Its a funny one Hufty, the snow foam did foam more than the prewash product, it might have just been my pictures.

And no the prewash product was designed for a pump sprayer, i just wanted to standardise the application method right or wrong :thumb:


----------



## DLGWRX02 (Apr 6, 2010)

Excellent write up. 
Just wanted to ask what protection was on the car before hand?.


----------



## Pittsy (Jun 14, 2014)

DLGWRX02 said:


> Excellent write up.
> Just wanted to ask what protection was on the car before hand?.
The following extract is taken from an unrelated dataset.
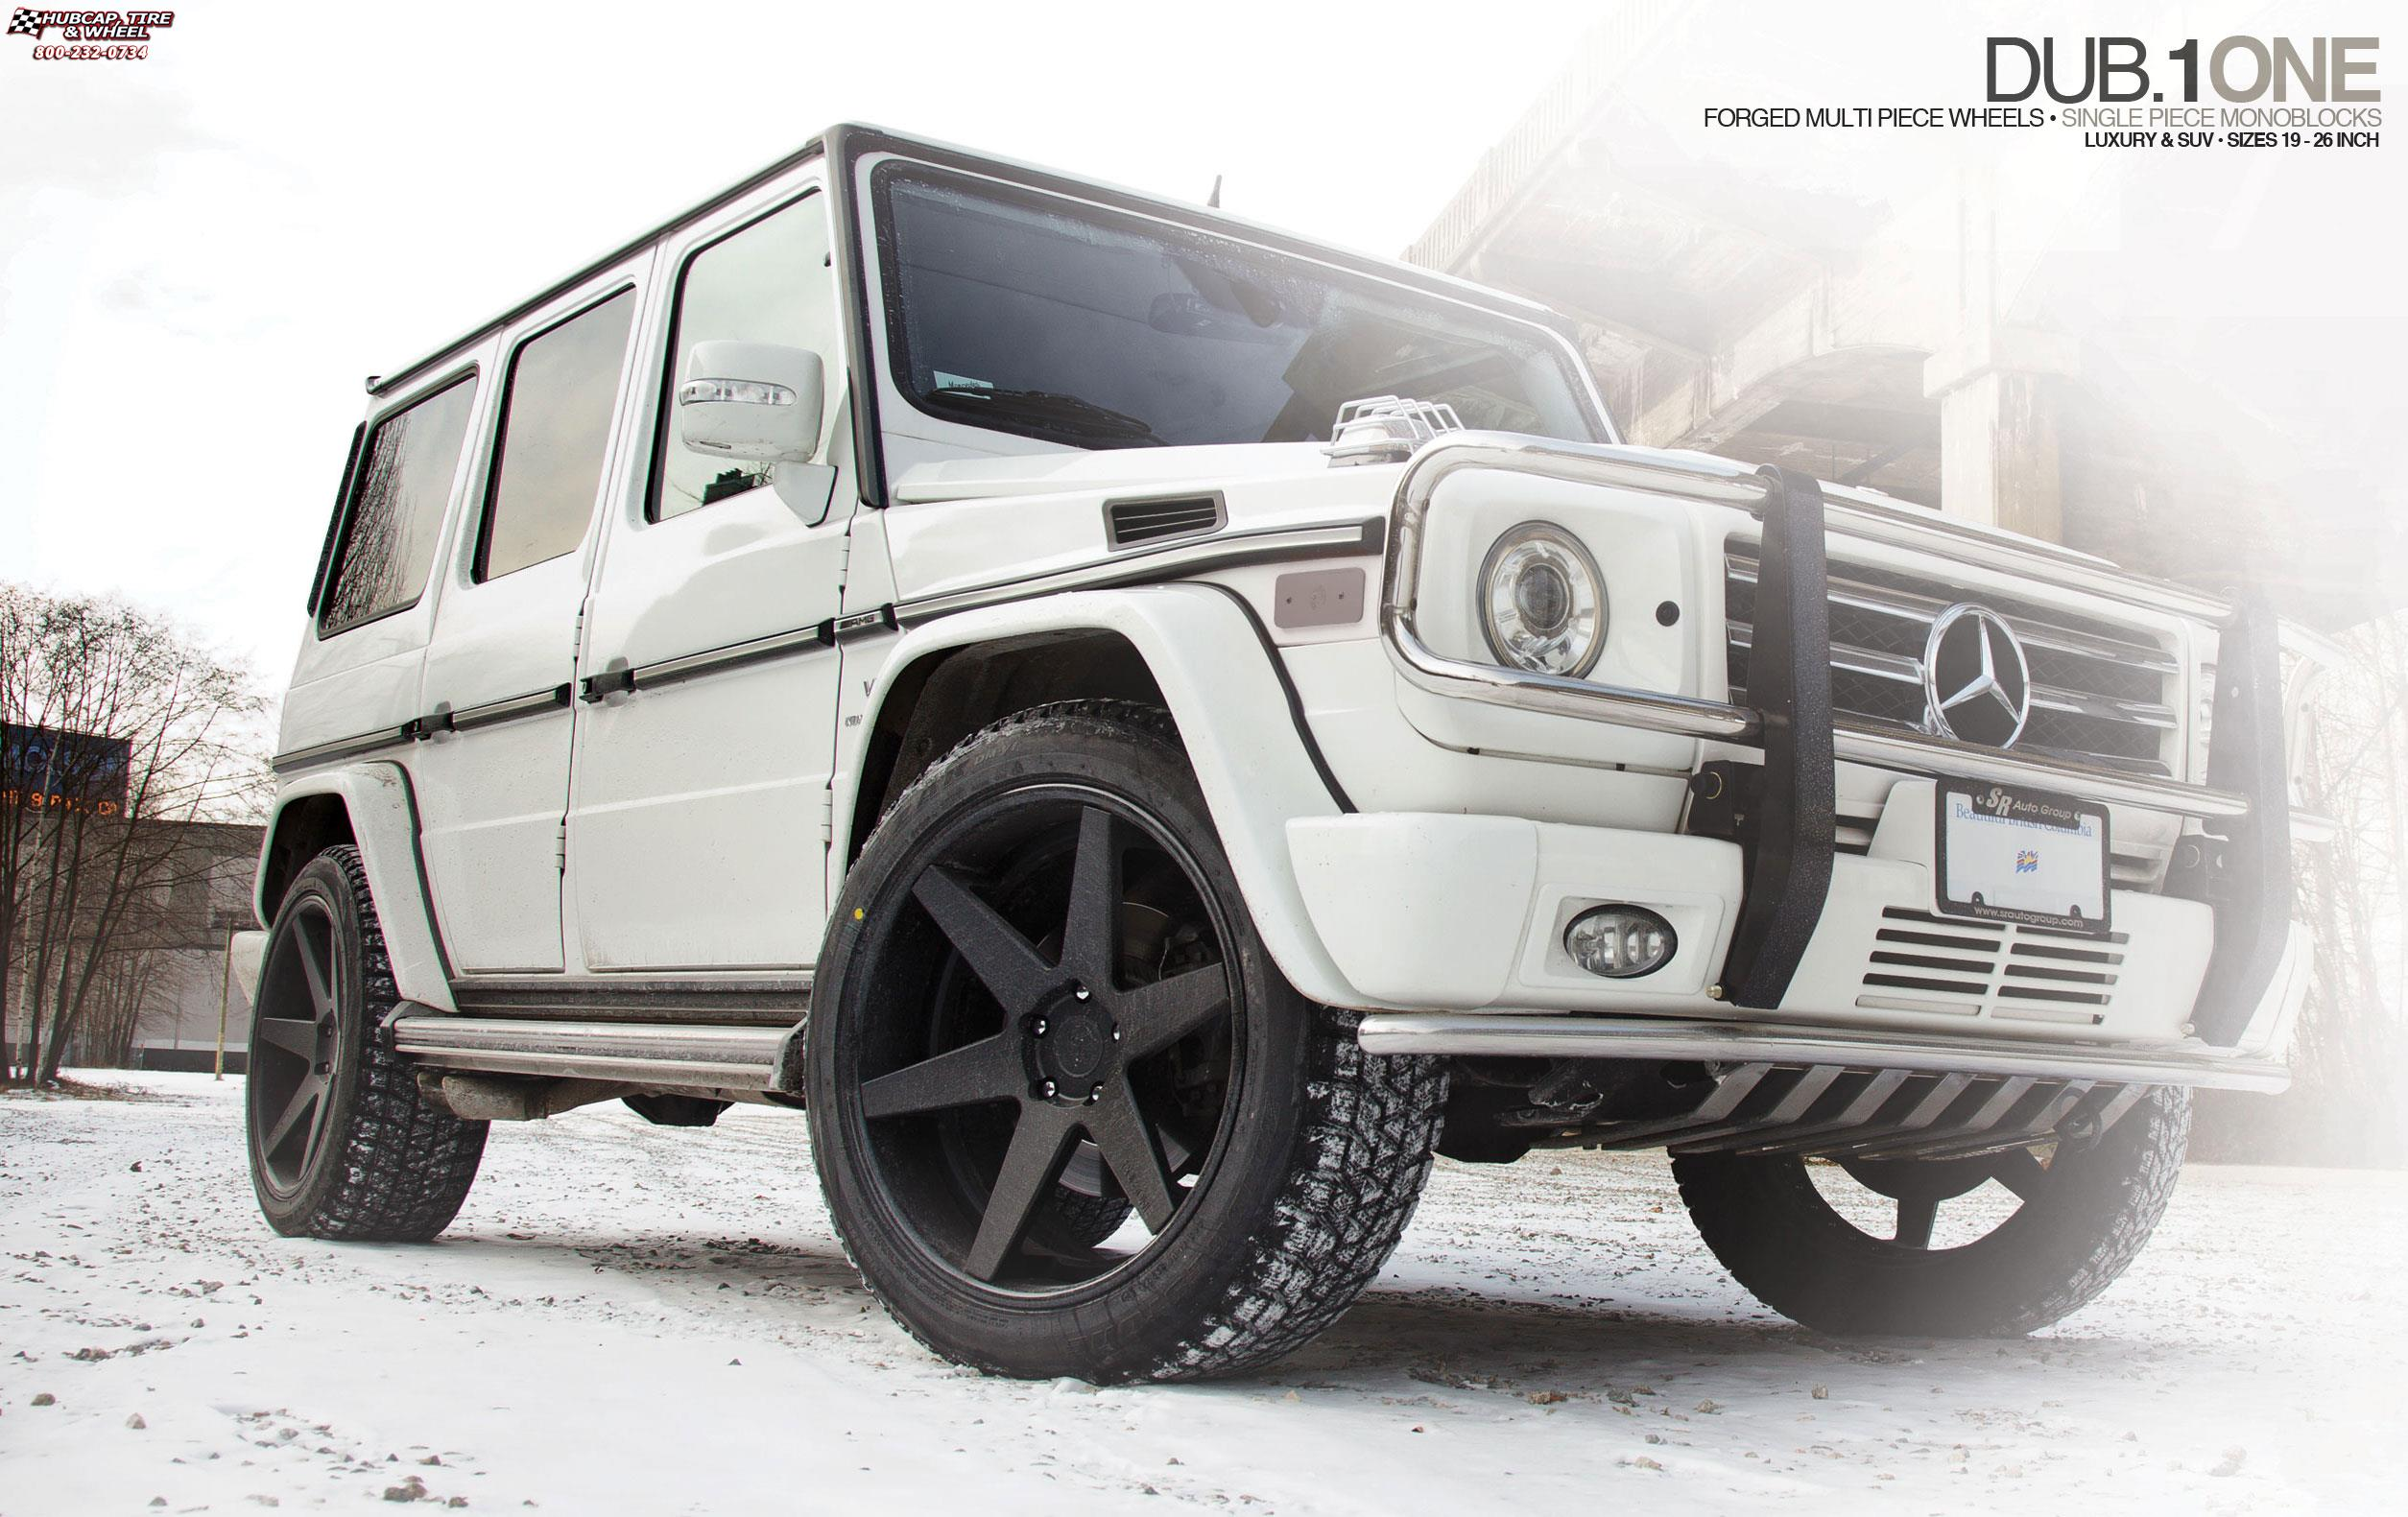 mercedes benz g wagon dub 6six wheels brushed face hi luster windows. Black Bedroom Furniture Sets. Home Design Ideas

Of course mate, the car is wearing Ed Turners Funky Munky on most of the panels but the roof is wearing something else :thumb:


----------



## k3v_F (May 7, 2008)

Fantastic write up of something I've always wondered about. The downside is i can't pretend its ok to just jet wash when it's cold now!!


----------



## TonyH38 (Apr 7, 2013)

Thank you for an informative write up.


----------



## Pittsy (Jun 14, 2014)

k3v_F said:


> Fantastic write up of something I've always wondered about. The downside is i can't pretend its ok to just jet wash when it's cold now!!


Indeed you can't....

I really didn't know how it would turn out i just wanted to be a bit more scientific review wise:thumb:


----------



## WaxIsForWinners (Feb 2, 2014)

Interesting test and results all proving how worthwhile pre wash is. The key is all in the preparation!


----------



## bazz (May 15, 2007)

great test fella and thank you for sharing the results and write up


----------



## OvEr_KiLL (Mar 2, 2015)

thanx for the write up mr p! i can guess what the pre wash is, no comment! but yes its very popular on here.
this might sound strange but i never wash my car with my hand or buckets  i just use 1inch of a pre wash in a lance bottle topped up with warm water and spray away. then i use a qd as i dry it, simples!


----------



## KarateKid (Oct 13, 2014)

Nice write up OP! I wish I had similar results though when I PW/SF or both... I tend to have a layer of film still on the car after and I know if I did a swipe/make-up pad test after PW/SF, they'd be no where near as 'clean' as your results...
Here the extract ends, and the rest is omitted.